Suspension in water.
Not sufficiently soluble in acetone, DMSO or other suitable solvents.

Details on test system and experimental conditions:

The test item was insoluble in sterile distilled water, dimethyl sulphoxide, dimethyl formamide and acetonitrile at 50 mg/mL, acetone at 100 mg/mL and tetrahydrofuran at 200 mg/mL in solubility checks performed in–house. The test item formed the best doseable suspension in sterile distilled water, therefore, this solvent was selected as the vehicle.

Evaluation criteria:

There are several criteria for determining a positive result. Any, one, or all of the following can be used to determine the overall result of the study:1. A dose-related increase in mutant frequency over the dose range tested (De Serres and Shelby, 1979).2. A reproducible increase at one or more concentrations. 3. Biological relevance against in-house historical control ranges.4. Statistical analysis of data as determined by UKEMS (Mahon et al., 1989).5. Fold increase greater than two times the concurrent solvent control for any tester strain (especially if accompanied by an out-of-historical range response (Cariello and Piegorsch, 1996)).

Statistics:

Statistical significance was confirmed by using Dunnetts Regression Analysis (* = p < 0.05) for those values that indicate statistically significant increases in the frequency of revertant colonies compared to the concurrent solvent control.

Results and discussion

Test resultsopen allclose all

Any other information on results incl. tables

The maximum dose level of the test item in the first experiment was selected as the maximum recommended dose level of 5000 μg/plate. There was no visible reduction in the growth of the bacterial background lawn at any dose level, either in the presence or absence of metabolic activation (S9-mix) in either test.

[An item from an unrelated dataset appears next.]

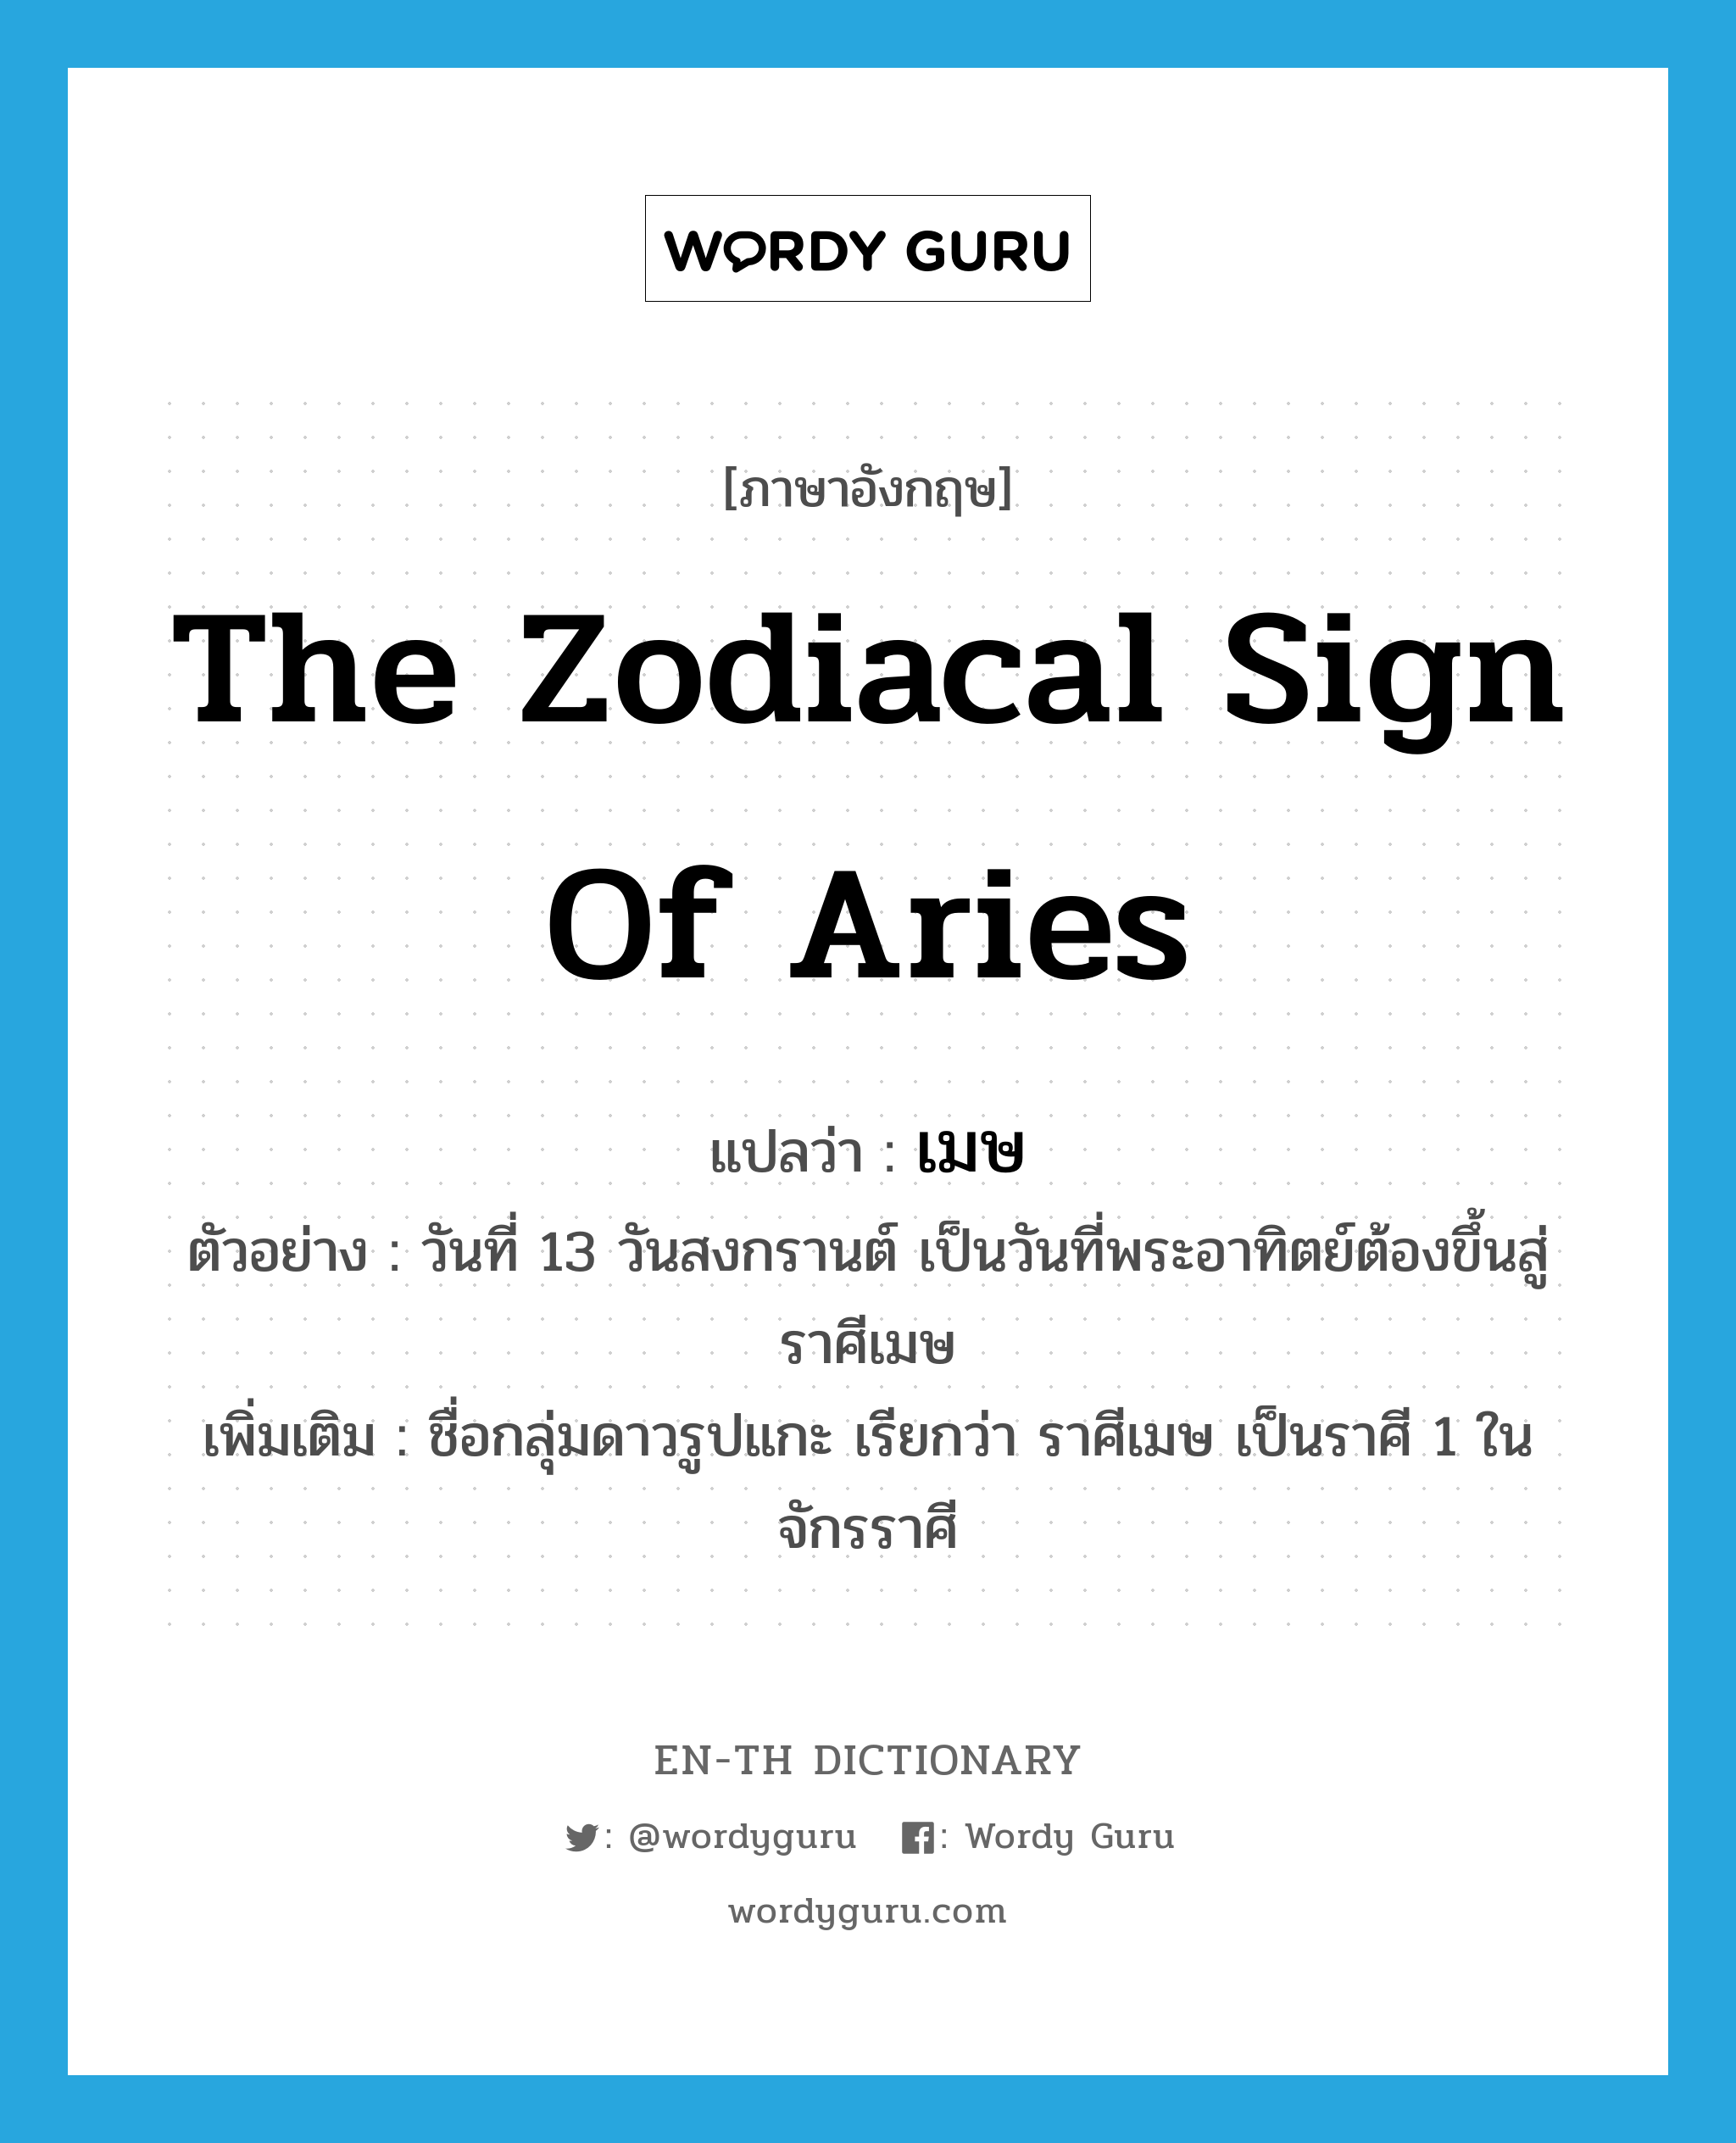 เมษ ภาษาอังกฤษ?, คำศัพท์ภาษาอังกฤษ เมษ แปลว่า the zodiacal sign of Aries ประเภท N ตัวอย่าง วันที่ 13 วันสงกรานต์ เป็นวันที่พระอาทิตย์ต้องขึ้นสู่ราศีเมษ เพิ่มเติม ชื่อกลุ่มดาวรูปแกะ เรียกว่า ราศีเมษ เป็นราศี 1 ในจักรราศี หมวด N

A test item precipitate (fine and particulate in appearance) was noted at 5000 ug/plate, this observation did not prevent the scoring of revertant colonies.

There were no toxicological increases in the frequency of revertant colonies recorded for any of the bacterial strains, with any dose of the test item, either with or without metabolic activation (S9-mix).

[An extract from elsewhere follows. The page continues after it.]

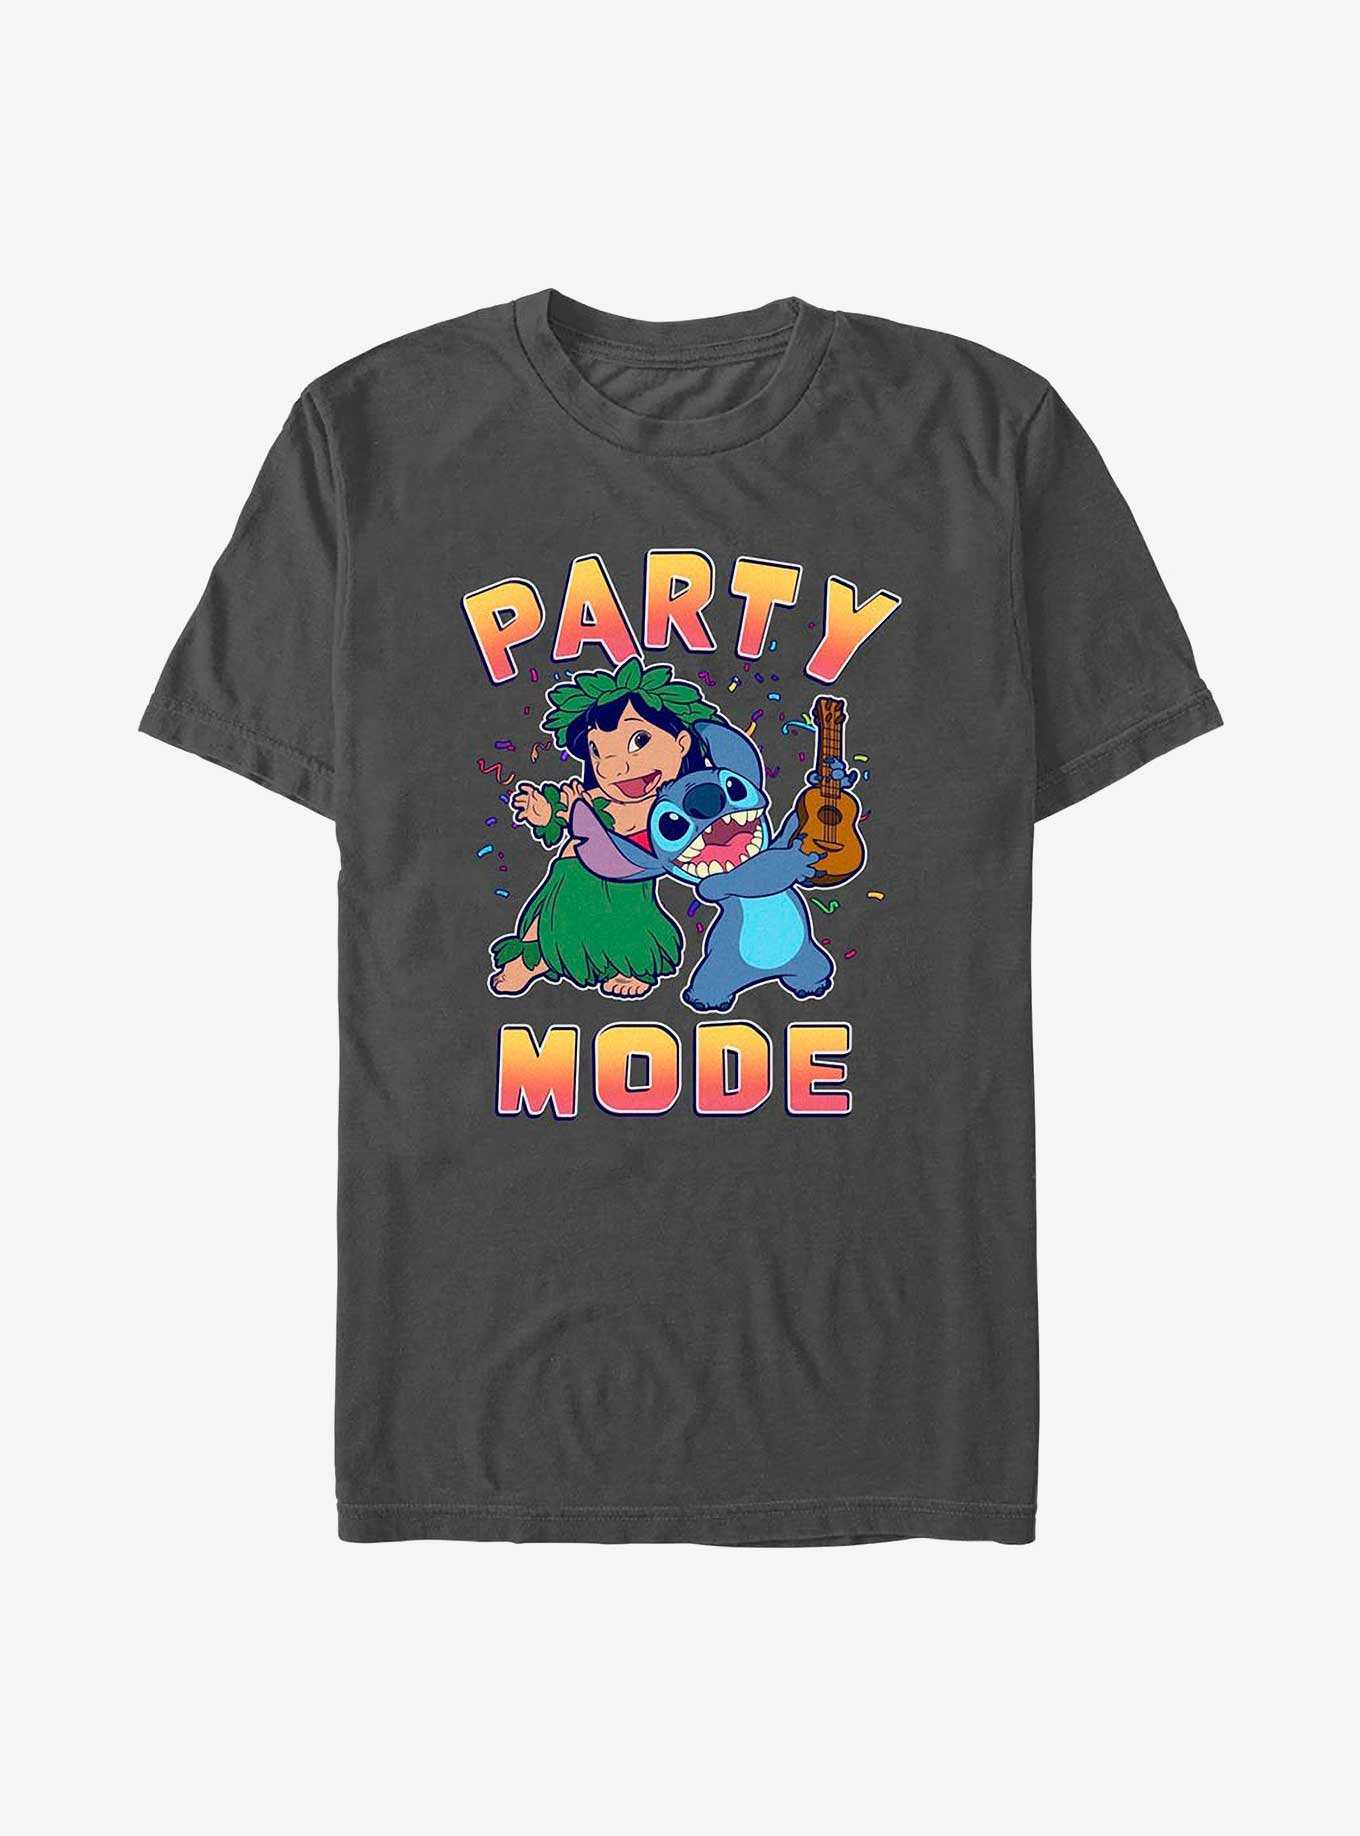 Disney Lilo & Stitch Party Mode T-Shirt, , hi-res

Small, statistically significant increases in TA100 revertant colony frequency were observed at 5000 μg/plate in the first mutation test (absence of S9-mix) and the second mutation test (presence of S9-mix). These increases were considered to be of no biological relevance because there was no evidence of a dose-response relationship or reproducibility. Furthermore, the individual revertant counts at the statistically significant dose levels were within the in-house historical untreated/vehicle control range for the tester strain and the maximum fold increase was only 1.4 times the concurrent vehicle controls.

Applicant's summary and conclusion

Conclusions:

Chromium Oxalate Hydroxide was considered to be non-mutagenic under the conditions of this test.

Executive summary:

The maximum dose level of the test item in the first experiment was selected as the maximum recommended dose level of 5000 μg/plate. There was no visible reduction in the growth of the bacterial background lawn at any dose level, either in the presence or absence of metabolic activation (S9-mix) in either test.

A test item precipitate (fine and particulate in appearance) was noted at 5000 ug/plate, this observation did not prevent the scoring of revertant colonies.

There were no toxicological increases in the frequency of revertant colonies recorded for any of the bacterial strains, with any dose of the test item, either with or without metabolic activation (S9-mix).

Small, statistically significant increases in TA100 revertant colony frequency were observed at 5000 μg/plate in the first mutation test (absence of S9-mix) and the second mutation test (presence of S9-mix). These increases were considered to be of no biological relevance because there was no evidence of a dose-response relationship or reproducibility. Furthermore, the individual revertant counts at the statistically significant dose levels were within the in-house historical untreated/vehicle control range for the tester strain and the maximum fold increase was only 1.4 times the concurrent vehicle controls.